Which tech titan is going to "own" the cloud? For now, at least, most businesses seeking a do-it-all package of go-anywhere business tools are likely to turn either to Microsoft or to Google. Consumers may be brand-agnostic about online services, but most aren't going to do the research necessary to become familiar with smaller brands such as Zoho (even though it claims 4 million users).
Google dangles all kinds of bait to lure people away from Microsoft. Google Apps Migration for Microsoft Exchange enables organizations to move e-mail, calendars, and contacts as well as PST files, and IMAP server data, to Google Apps. The Google Cloud Connect plug-in for Microsoft Office 2003 through 2010 lets you collaborate with other Google users within Office.
Google Apps opened online collaboration to the masses, but Microsoft still has room to build on its legacy and sell Office 365 hard to existing customers. Google Apps counts 3 million users, but ten times as many people use Office Web Apps. In addition, millions of people use Microsoft's Business Productivity Online Standard Suite (BPOS), which will upgrade to Office 365. Though Google remains the search king, it has nowhere near the user base that Microsoft does for any of its apps; 750 million people use Microsoft's desktop Office. Of the 100,000 people who had signed up to test the Office 365 beta, 70 percent are from small businesses.
Google Docs (left) and Microsoft Word; click for full-size view. Google Docs (left) offers a fraction of the features of the desktop Microsoft Word. Microsoft provides an online Word, but Google has no desktop-only software.Still, the public is fickle, and business customers want whatever will save them time, money, and migraines. Microsoft and Google permit each other's offerings to integrate to some extent with their own, so users of either Office 365 or Google Apps can dabble in parts of both--at least in their consumer components. And both services are available for free, 30-day trials.
I use Google Apps daily and the desktop Microsoft Office almost as often. There are still many tasks that Google's online tools can't handle, but Google's offerings do let me access and edit documents anywhere. Why not use Office Web Apps instead? Well, by the time it became available, I had already accumulated almost half a decade's worth of documents on Google's servers.

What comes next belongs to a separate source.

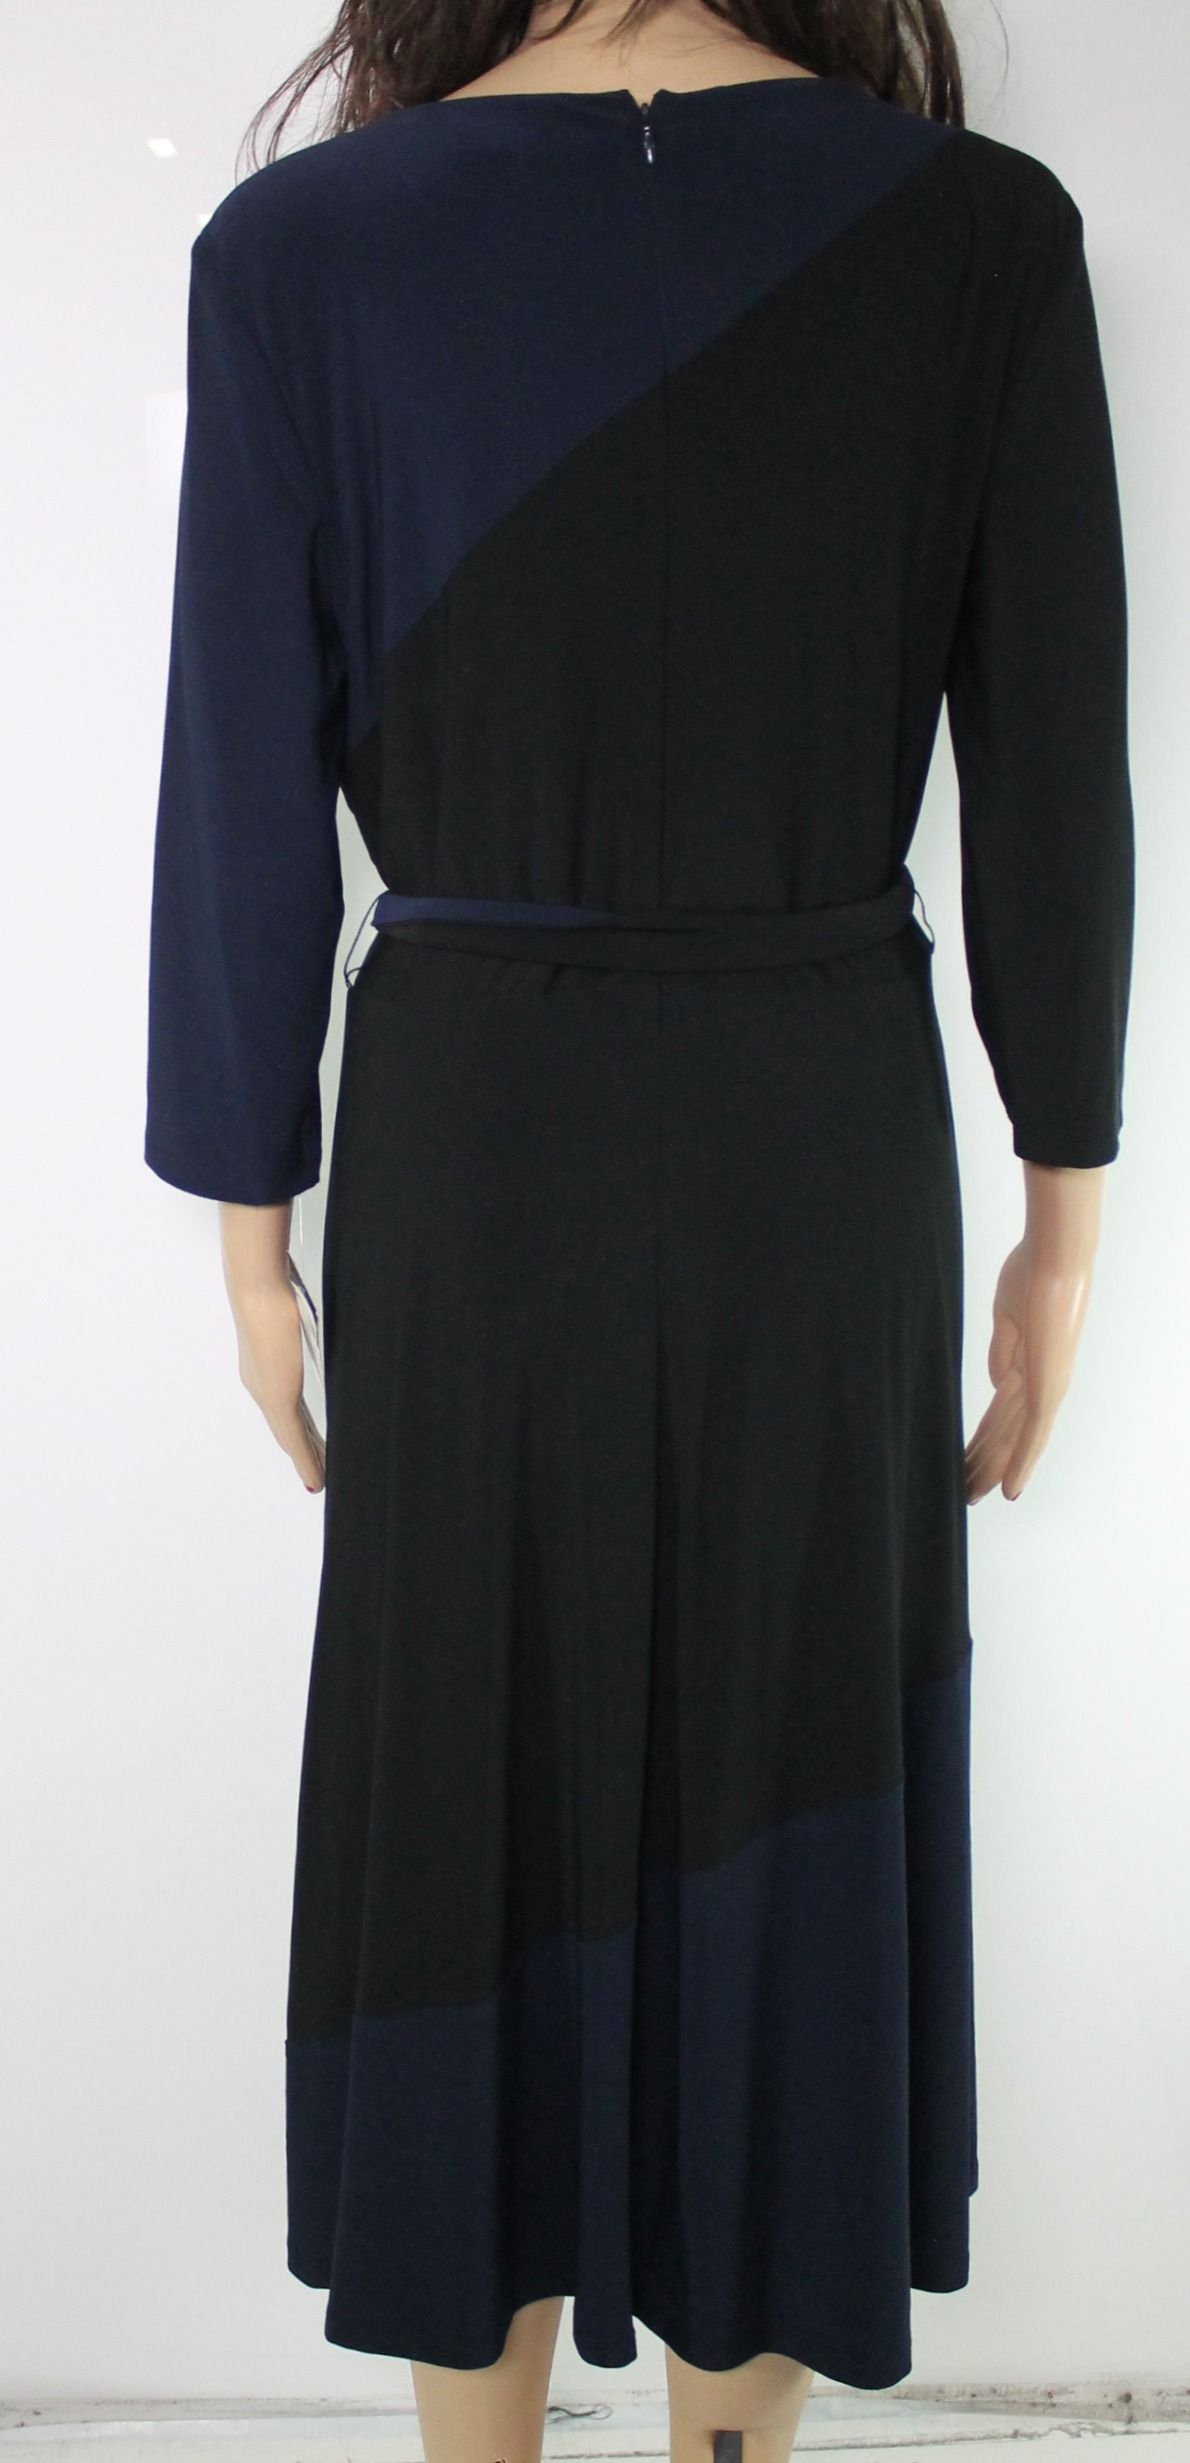 Lauren by Ralph Lauren Women's Dress Blue Size 12 A-Line Belted

Though my workplace uses Google Apps for Business, I also lean on the consumer Docs and Spreadsheets for personal purposes, such as for journals and all sorts of lists. I rarely need the fancy formatting that Microsoft Word or PowerPoint offers, or the deep calculations and million rows of data that an Excel spreadsheet provides. Nor do I crave a unified communications tool such as Microsoft Lync. Google and Skype permit video chat, and scores of screen-sharing and online meeting services are free. But my needs are specifically those of an editor brokering mostly in plain text. An engineer at a solar-panel start-up might not be able to function without Excel on her PC.
Microsoft can "win" this cloud battle by attracting more users than Google, which it can accomplish simply by convincing many existing Microsoft customers to adopt Office 365. However, its many moving pieces and even its pricing structure are more complex than are those for Google Apps for Business. If you want to get started quickly with a cloud package and don't need features as rich as Microsoft's, Google's option is friendlier.
Ultimately, Microsoft's package is probably a better choice for companies seeking a more formal, polished face on communications. But Google Apps for Business feels like a more natural choice for companies that do most of their work online.